* Problem requirements:
Transcribe nothing except the lines below that run from the one with "Solution:372093.75 as a fraction is 372094/1" to the one with "Health & Physical", ends included, and do not copy any picture.

* Supplied data:
───

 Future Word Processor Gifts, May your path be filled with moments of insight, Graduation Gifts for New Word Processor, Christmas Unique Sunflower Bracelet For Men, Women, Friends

───

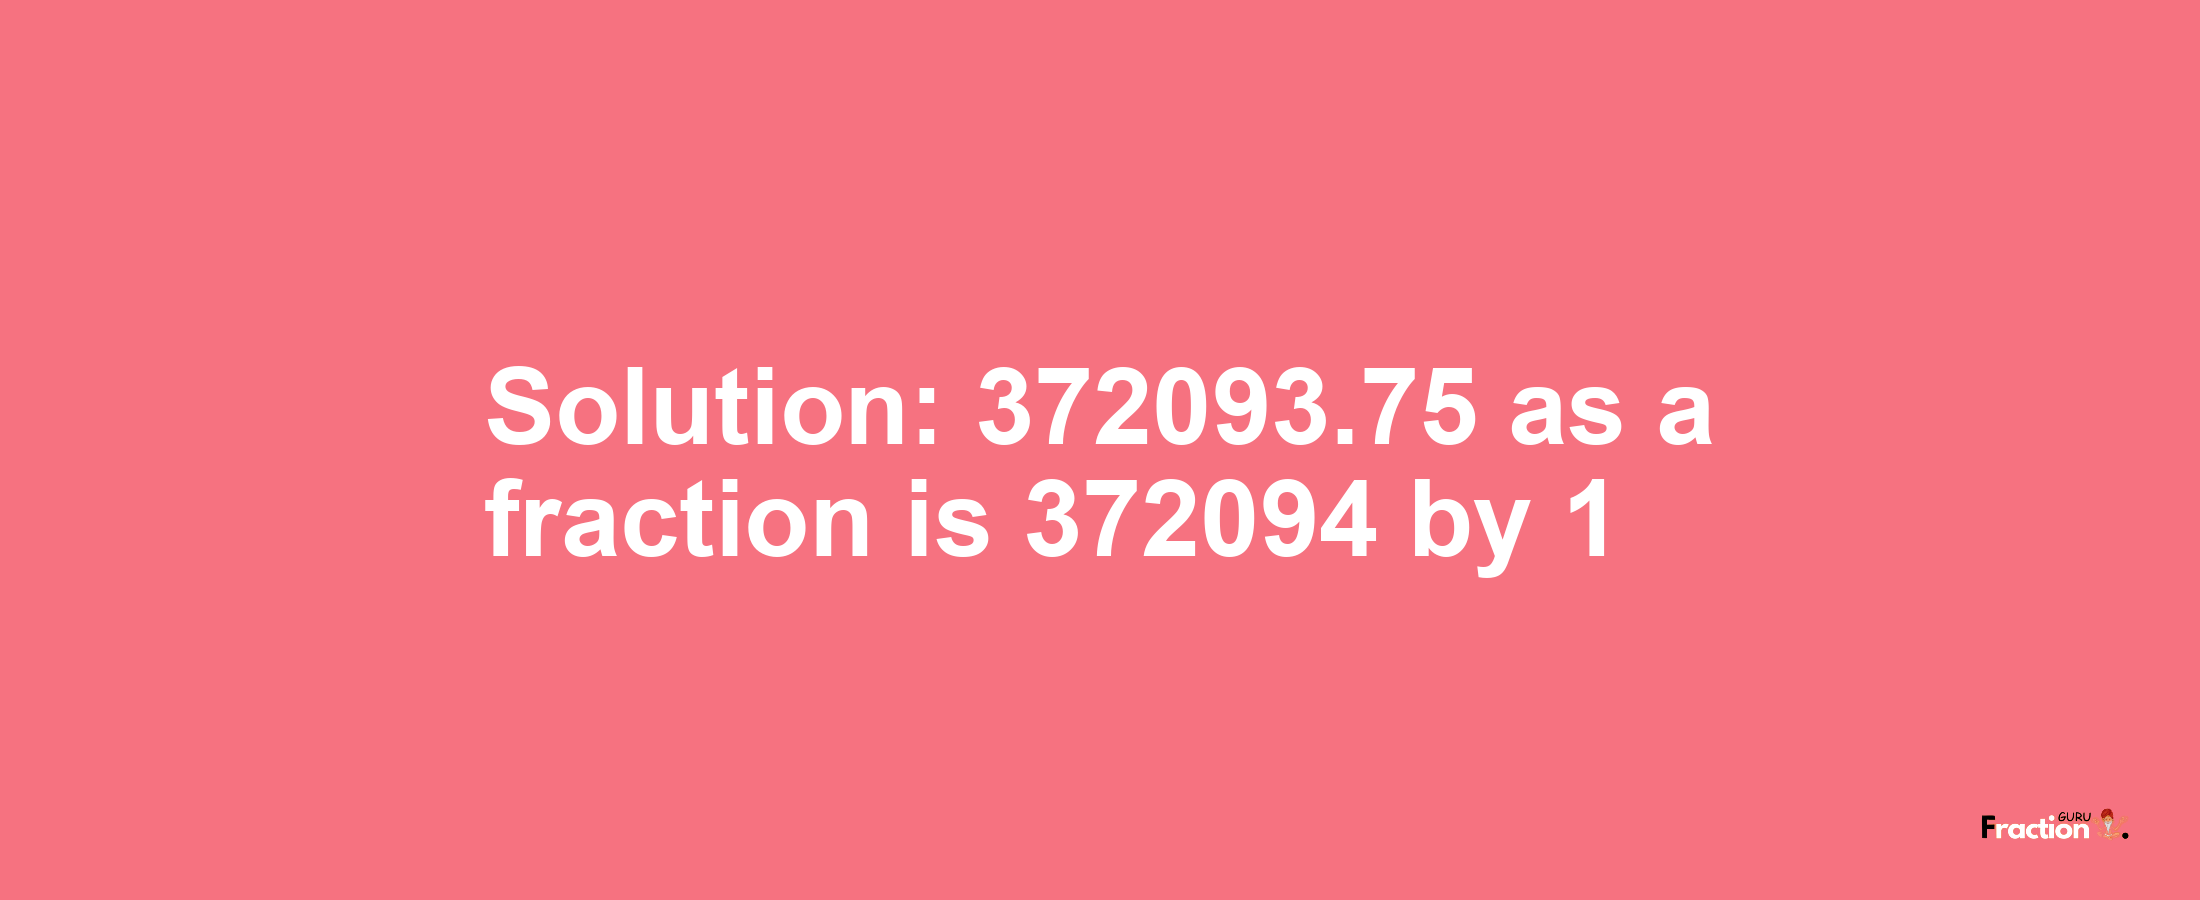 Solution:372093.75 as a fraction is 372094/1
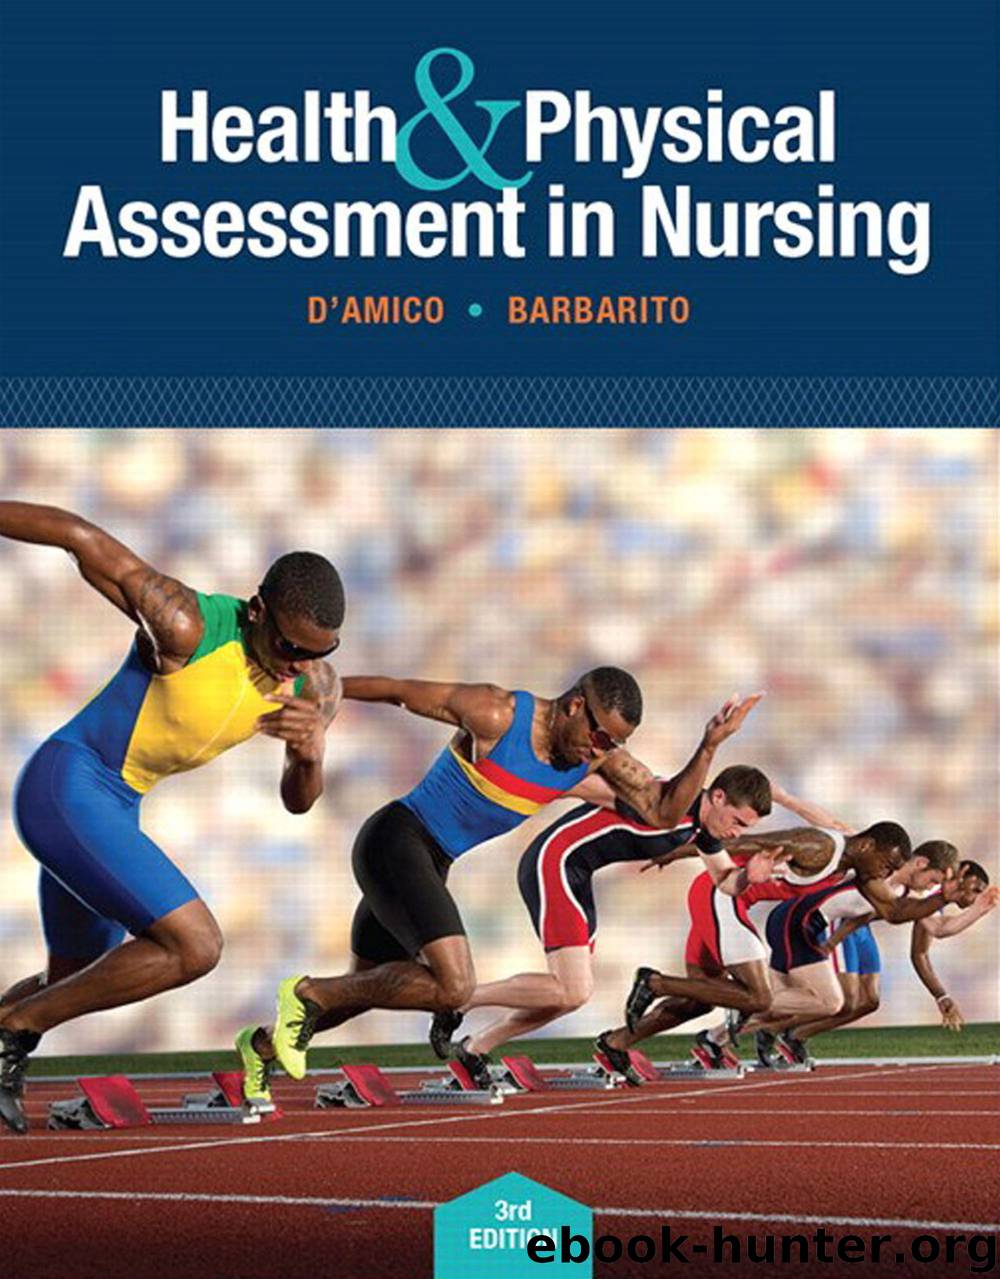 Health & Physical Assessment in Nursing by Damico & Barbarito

───

* Completed exercise:
 Solution:372093.75 as a fraction is 372094/1
 Health & Physical Assessment in Nursing by Damico & Barbarito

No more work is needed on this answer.